*** TASK INPUT ***

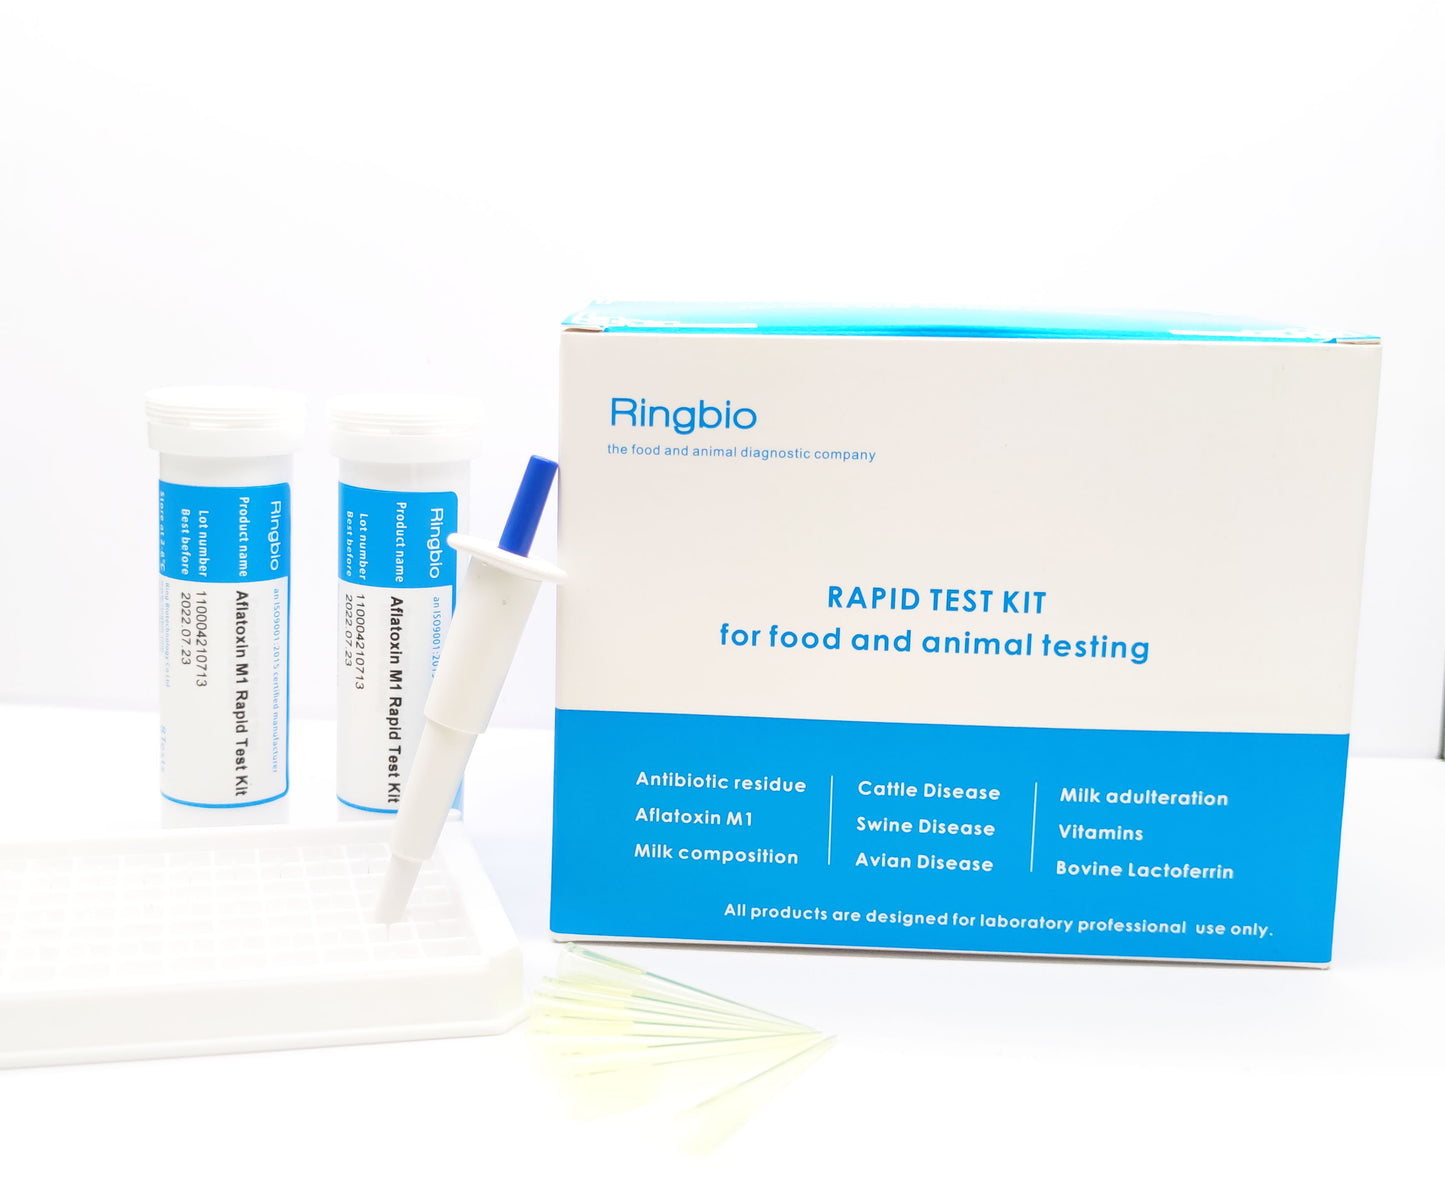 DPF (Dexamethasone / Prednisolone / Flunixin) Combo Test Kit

*** End of TASK INPUT ***
*** TASK INPUT ***

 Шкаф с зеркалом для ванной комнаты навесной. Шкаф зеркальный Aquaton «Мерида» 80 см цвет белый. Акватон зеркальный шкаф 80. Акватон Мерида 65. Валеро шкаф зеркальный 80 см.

*** End of TASK INPUT ***
*** TASK INPUT ***

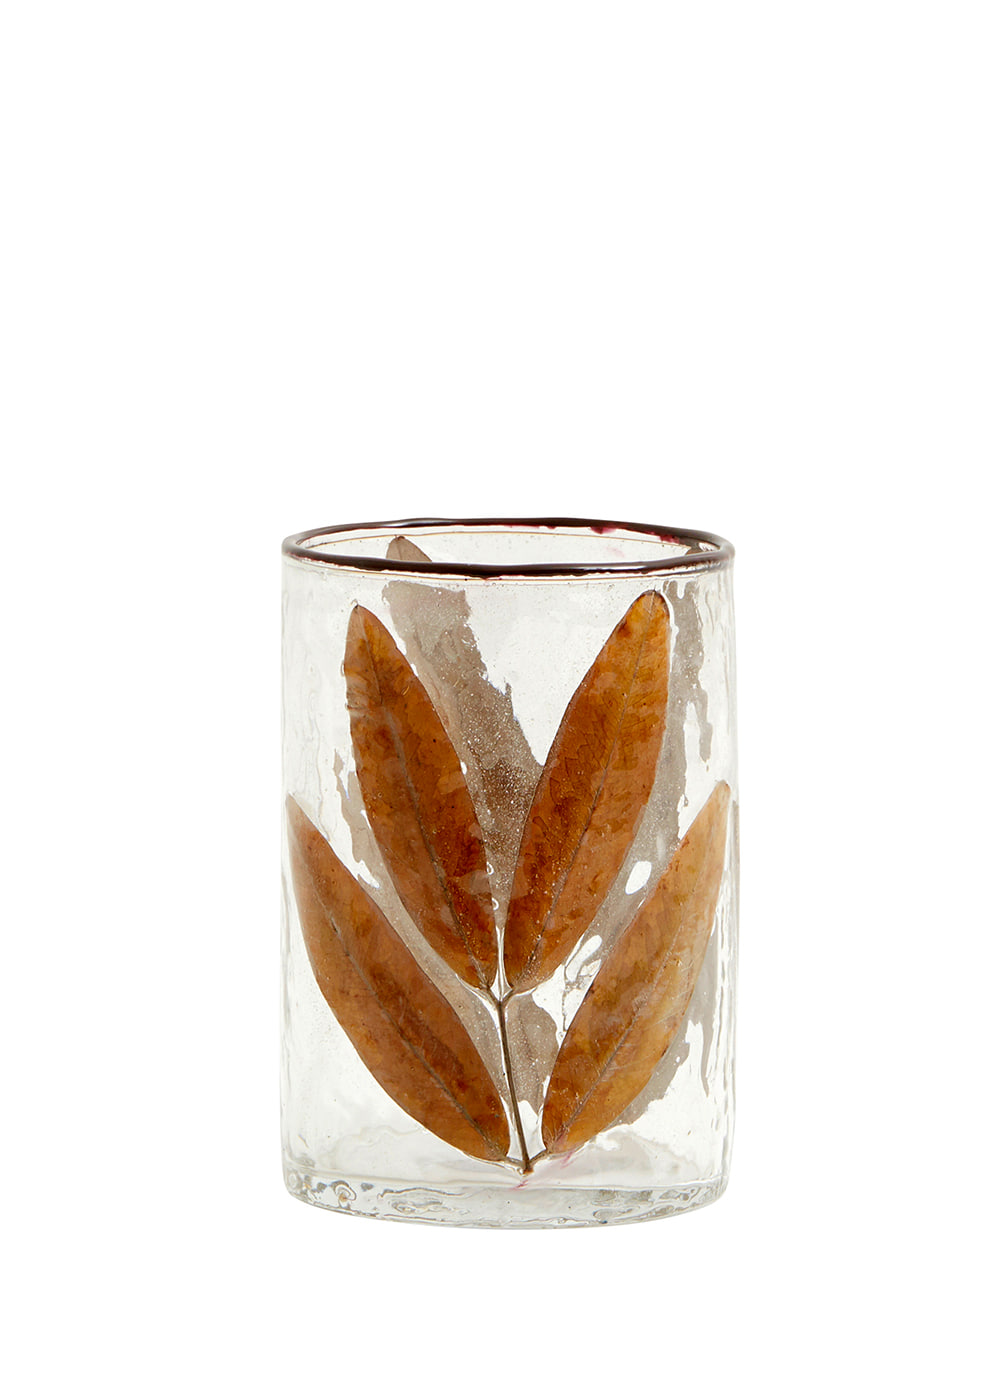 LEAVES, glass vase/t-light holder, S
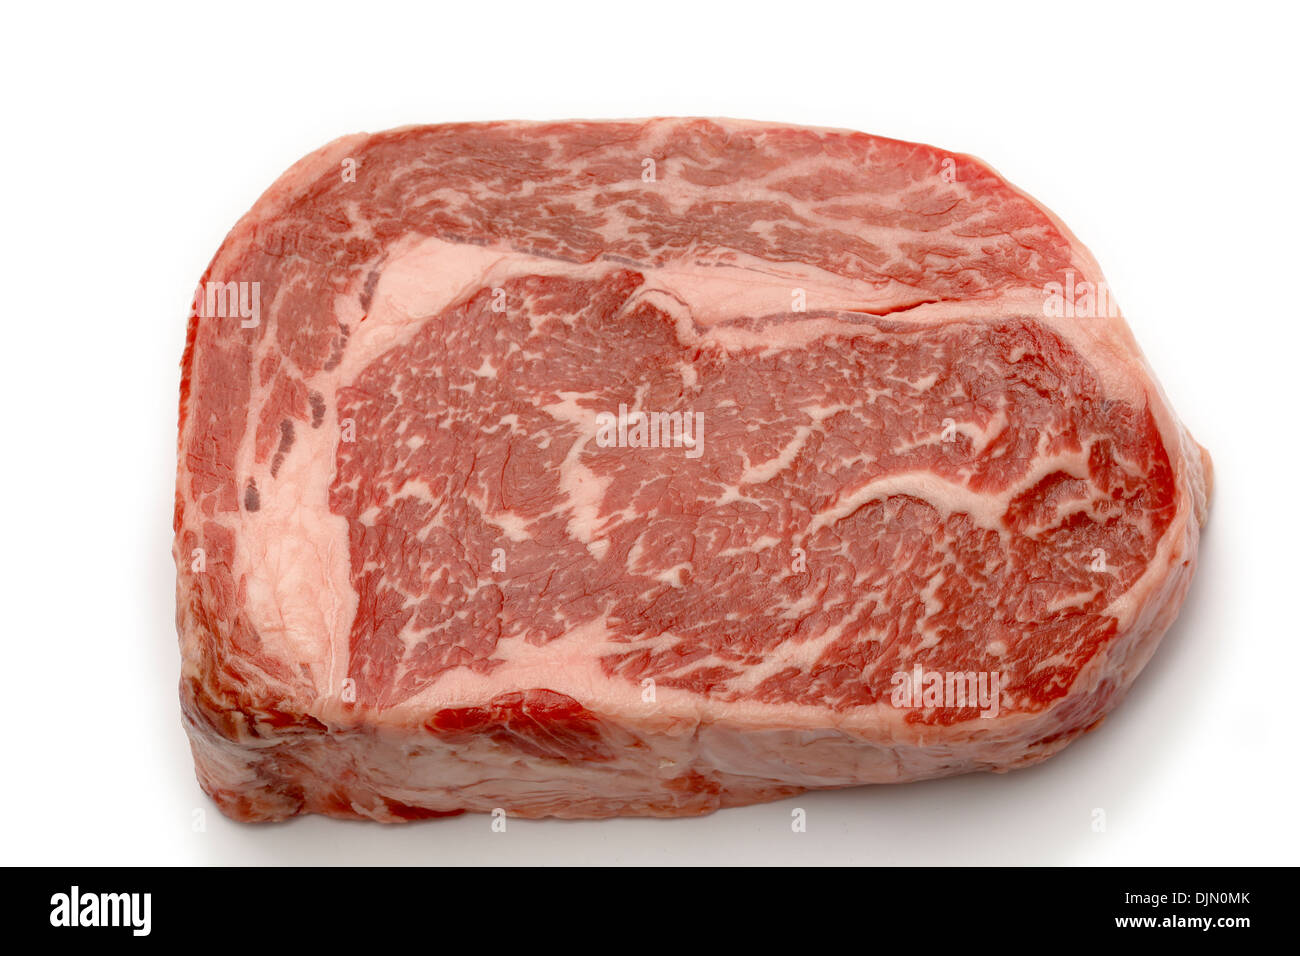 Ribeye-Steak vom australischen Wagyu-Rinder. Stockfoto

*** End of TASK INPUT ***

EXERCISE BRIEF ->
Those lines of the records above that run from the one containing "LEAVES, glass vase/t-light holder, S" through the one containing "Ribeye-Steak vom australischen" should be returned exactly, with no pictures among them.

PROBLEM SOLUTION ->
 LEAVES, glass vase/t-light holder, S
 Ribeye-Steak vom australischen Wagyu-Rinder. Stockfoto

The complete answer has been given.